Мыло выпрыгнуло у меня из рук и выстрелило собой в полочку на зеркале. Баллоны с дезодорантом, пеной для бритья, банки с кремом с диким грохотом и звоном посыпались в раковину.
Сегодня среда.
Кто придумал этот день недели?!
– Эй, подруга, ты там не убилась?
– Все в порядке, – сдавленно ответила я через дверь. – А можно мне с тобой в тренажерный зал?
Молчание длилось целую вечность. Никита ничего не отвечал. Я вышла из ванной и отправилась на поиски. Обнаружила возлюбленного на кухне, где он ел холодную котлету, закусывая огурцом.
– Никита! Я хочу с тобой в спортклуб!
– Ну, давай! – тут же согласился милый. Ни один мускул (кроме жевательных) не дрогнул на его лице. – Собирайся! Возьми ноутбук, поработаешь, пока я буду железо качать. Шевели ластами, малышка, а то уже совсем поздно.
Я – ластоногий хорек.
Но это неважно.
Главное – Елена ему опостылела!
Он с радостью меняет любовницу на тренажерный зал. А блондинке потом скажет: «Извини, не получилось. И вообще, не пора ли нам расстаться?»
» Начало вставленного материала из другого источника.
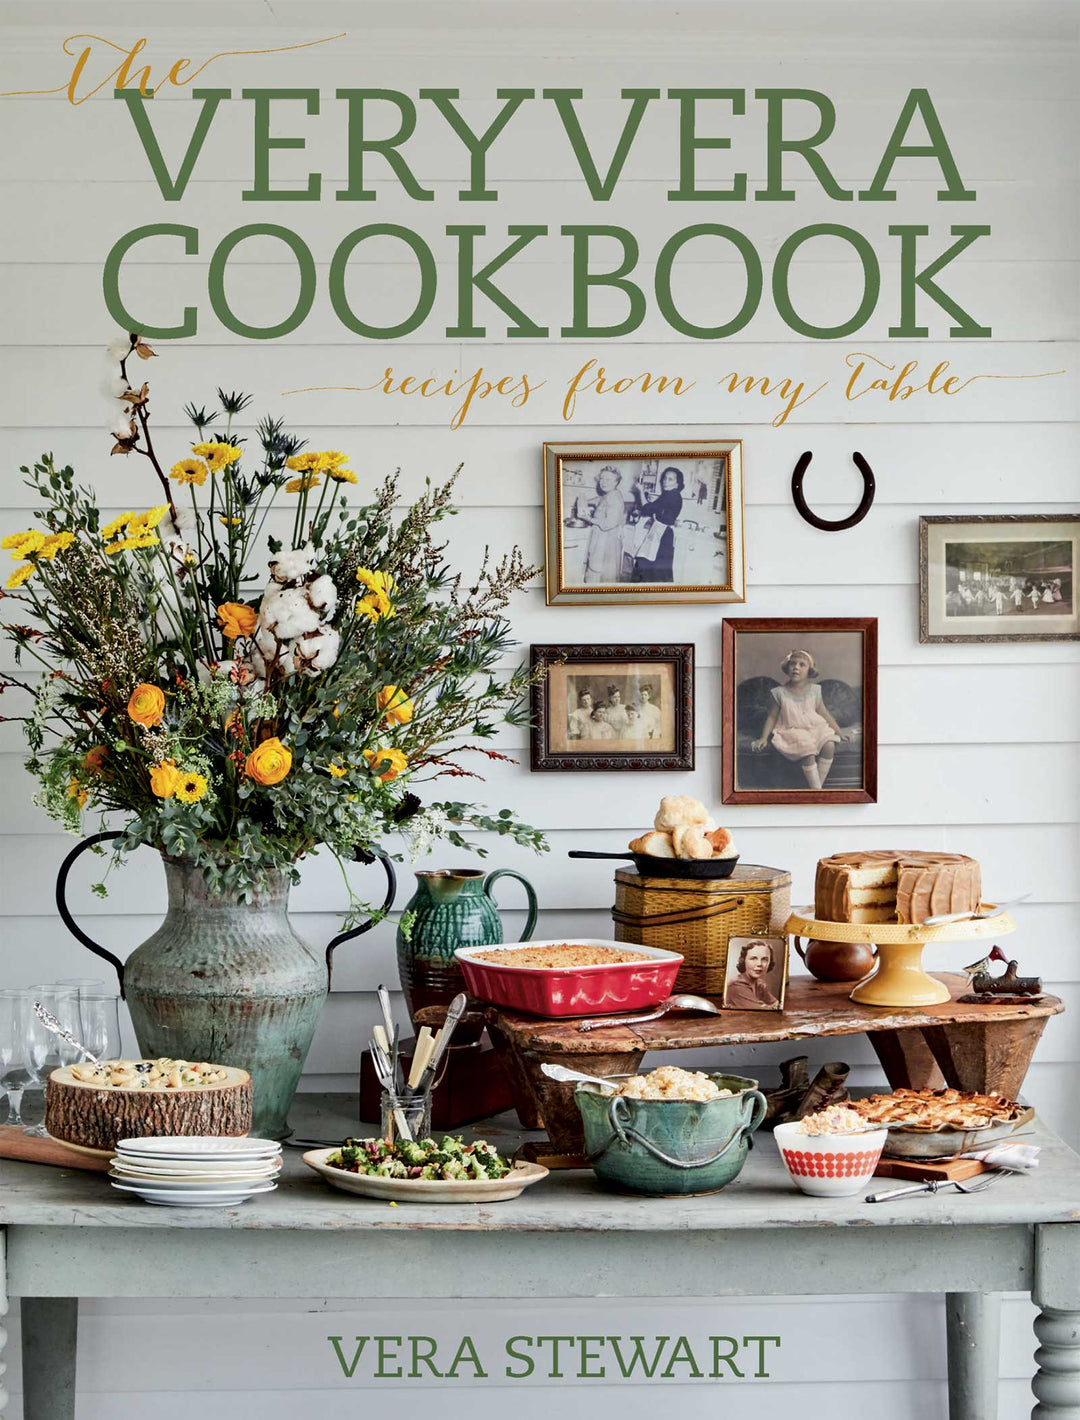 THE VERY VERA COOKBOOK: RECIPES FROM MY TABLE

– Ты серьезно не против моей компании? – уточнила я.
– А когда я был против твоей компании? – удивился Никита. – Только давай быстрее, время же идет.
И мы провели восхитительный вечер в спортклубе! Я сидела на диване с ноутбуком и шныряла по Интернету (там оказалась зона беспроводного подключения). Закончить статью для «Стильной Леди», как планировала сначала, не представлялось возможным. Вокруг было столько молодых, атлетичных тел! Не успевала налюбоваться кубиками на животе у одного, как подкатывал следующий – с великолепными трицепсами! И владельцы тренированных мышц все как один строили мне глазки.
Но Никита был лучше всех. Он самоотверженно выделывался, чтобы произвести на меня впечатление, решительно лепил блины на штангу и улыбался мне между подходами. Его лицо блестело от пота, майка взмокла. Он был дьявольски хорош!
Наутро я запланировала встречу с Ксенией Савич. Но в мои планы вмешалась Эльмира.
– Давайте встретимся, – сказала она по телефону. – В одиннадцать в кондитерской «Монпарнас», устроит? Поговорим, а заодно позавтракаем.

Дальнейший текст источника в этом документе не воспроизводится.